The positive samples in the second sample set are target crop pattern spots, the negative samples are difficult-to-separate crop pattern spots, and other ground objects except the target crops and the difficult-to-separate crops are used as backgrounds; the remote sensing image in the second sample set is a sample area remote sensing image; the sample area is the same as the planting structure of the working area; the planting structure comprises: crop species and crop fractions of each species.

The sample area and the working area are identical in planting structure, namely the sample area planting structure meets preset conditions; illustratively, the preset conditions include: 1. the difference between the ratio of the target crop number to the total crop number in the sample area and the ratio of the target crop number to the total crop number in the working area is less than a preset first ratio threshold; 2. the ratio of the number of other crop types in the sample area that are the same as those in the working area to the total number of other crop types in the sample area is greater than a preset second ratio threshold; the other crop is a crop that is not the target crop.

In one embodiment, the preset first ratio threshold is 20% and the preset second ratio threshold is 80%.

The target crop number and the total crop number are respectively determined based on the planting areas of the corresponding crops, and the planting areas are respectively obtained through statistical annual notices or other historical data of the sample area or the working area.

Specifically, training an original first extraction model based on a first sample set to obtain a trained first extraction model; and extracting texture features of the optical image of the second sample, synthesizing the texture features and the optical image features of the corresponding second sample in a wave band to obtain synthesized sample data, and training an original second extraction model based on the synthesized sample data to obtain a trained second extraction model.

According to the grain crop extraction method, only the second remote sensing image corresponding to the first extraction result is input into the second extraction model, so that the input of other invalid information is avoided, interference is caused to the reasoning process of the second extraction model, and the reasoning speed of the second extraction model is improved; and, because the first extraction model does not distinguish the target crop from the difficult-to-separate crop, namely the first extraction model is easy to identify the target crop and the difficult-to-separate crop as the target crop, the recall ratio of the target crop extraction is ensured, the second extraction model is based on the optical image characteristics, the texture characteristics and the spatial relationship among the crops, and the distinguishing of the target crop and the difficult-to-separate crop is carried out on the fully-looked-up target crop extraction area in the first extraction result, so that the accuracy of the target crop extraction result is improved; in addition, since the first extraction model and the second extraction model are two independent models, the grain crop extraction method is used for extracting the same target crop in other scenes with completely different planting structures, and only the second extraction model is required to be optimized without retraining the first extraction model, so that the grain crop extraction method has stronger generalization capability and is suitable for large-scale popularization and use.
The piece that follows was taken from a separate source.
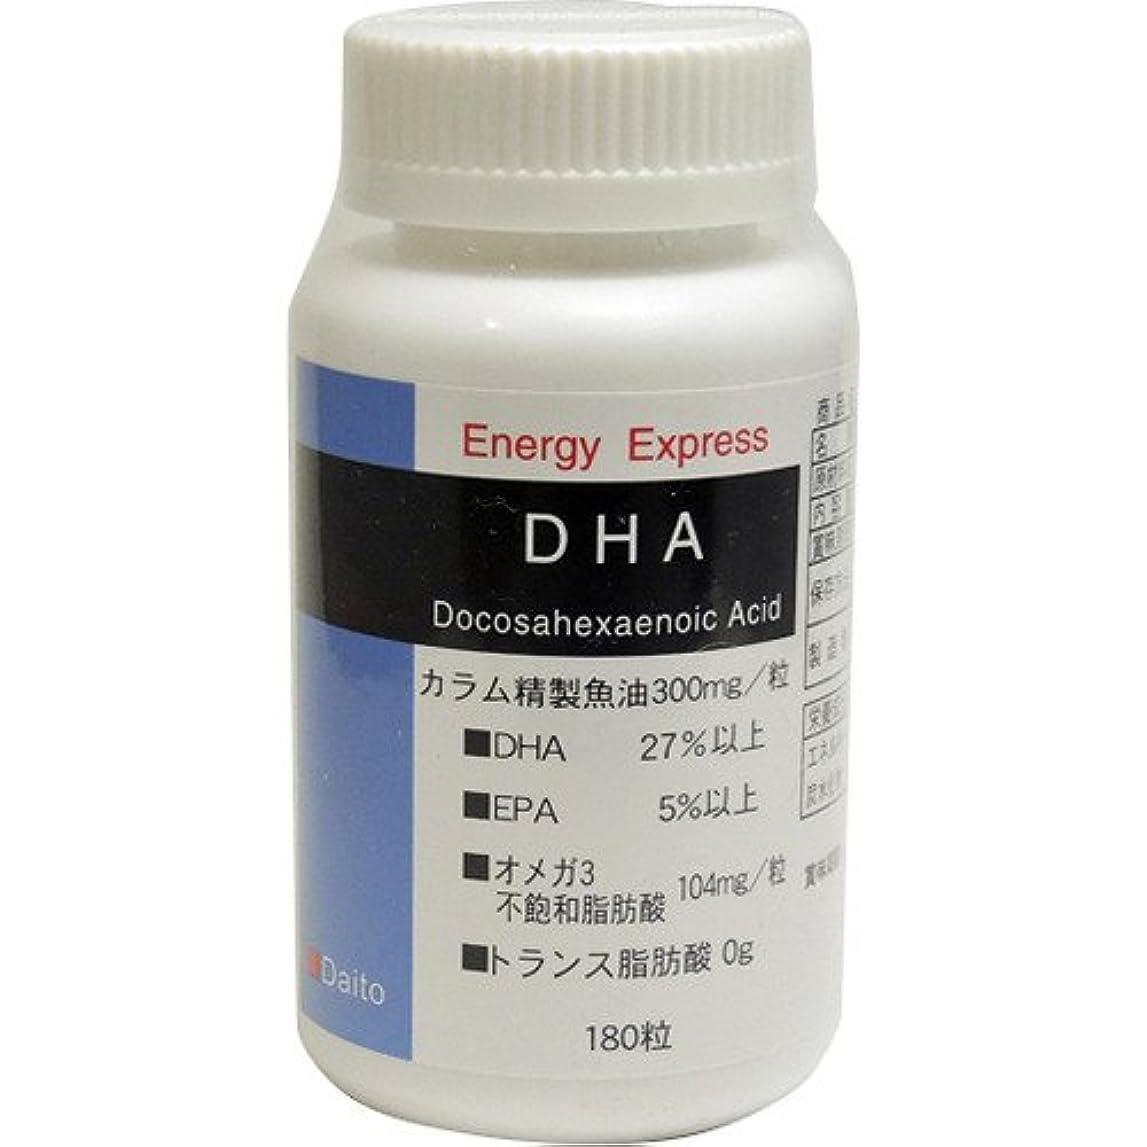 無謀オーナー信号ダイトー水産 エナジーエキスプレス DHA 445mg×180粒入り

Referring to fig. 2, a schematic flow chart of an embodiment of the method for extracting grain crops in a crushed cultivation area according to the second aspect of the present invention is shown;

as shown in fig. 2, in this embodiment, the grain crop extraction method of the crushed cultivation area is different from the method shown in fig. 1 in that the method further includes, before executing step S100:

s500, constructing a first sample set;

specifically, the construction method of the first sample set includes:

step S510, determining a target observation window period of the target crop, and acquiring a first sample remote sensing image of the target crop, wherein the acquisition time is positioned in the target observation window period;

specifically, determining a climatic period of the target crop; obtaining the NDVI change trend of the target crop in the climatic period; and determining a target observation window period of the target crop based on the NDVI change trend.

The NDVI change trend refers to an NDVI characteristic change trend reflected by the target crop in a climatic period, and comprises an NDVI starting value, a maximum value and an end value; the NDVI start value is: an NDVI value of the target crop observed earliest in the target crop waiting period; the maximum value of the NDVI is as follows: the maximum value of NDVI of the target crop is obtained in the target crop waiting period; the NDVI end value is: NDVI values of the target crop observed at the latest in the target crop waiting period; correspondingly, the earliest time for observing the NDVI value of the target crop is the earliest observation time point, the acquisition time of the NDVI maximum value of the target crop is the target observation time point, and the latest time for observing the NDVI value of the target crop is the latest observation time point;

The target observation window period refers to a period from the earliest observation time point to the latest observation time point;

the first sample remote sensing image is an optical remote sensing image; the first sample remote sensing image is a remote sensing image with a resolution of 2-2.5 meters.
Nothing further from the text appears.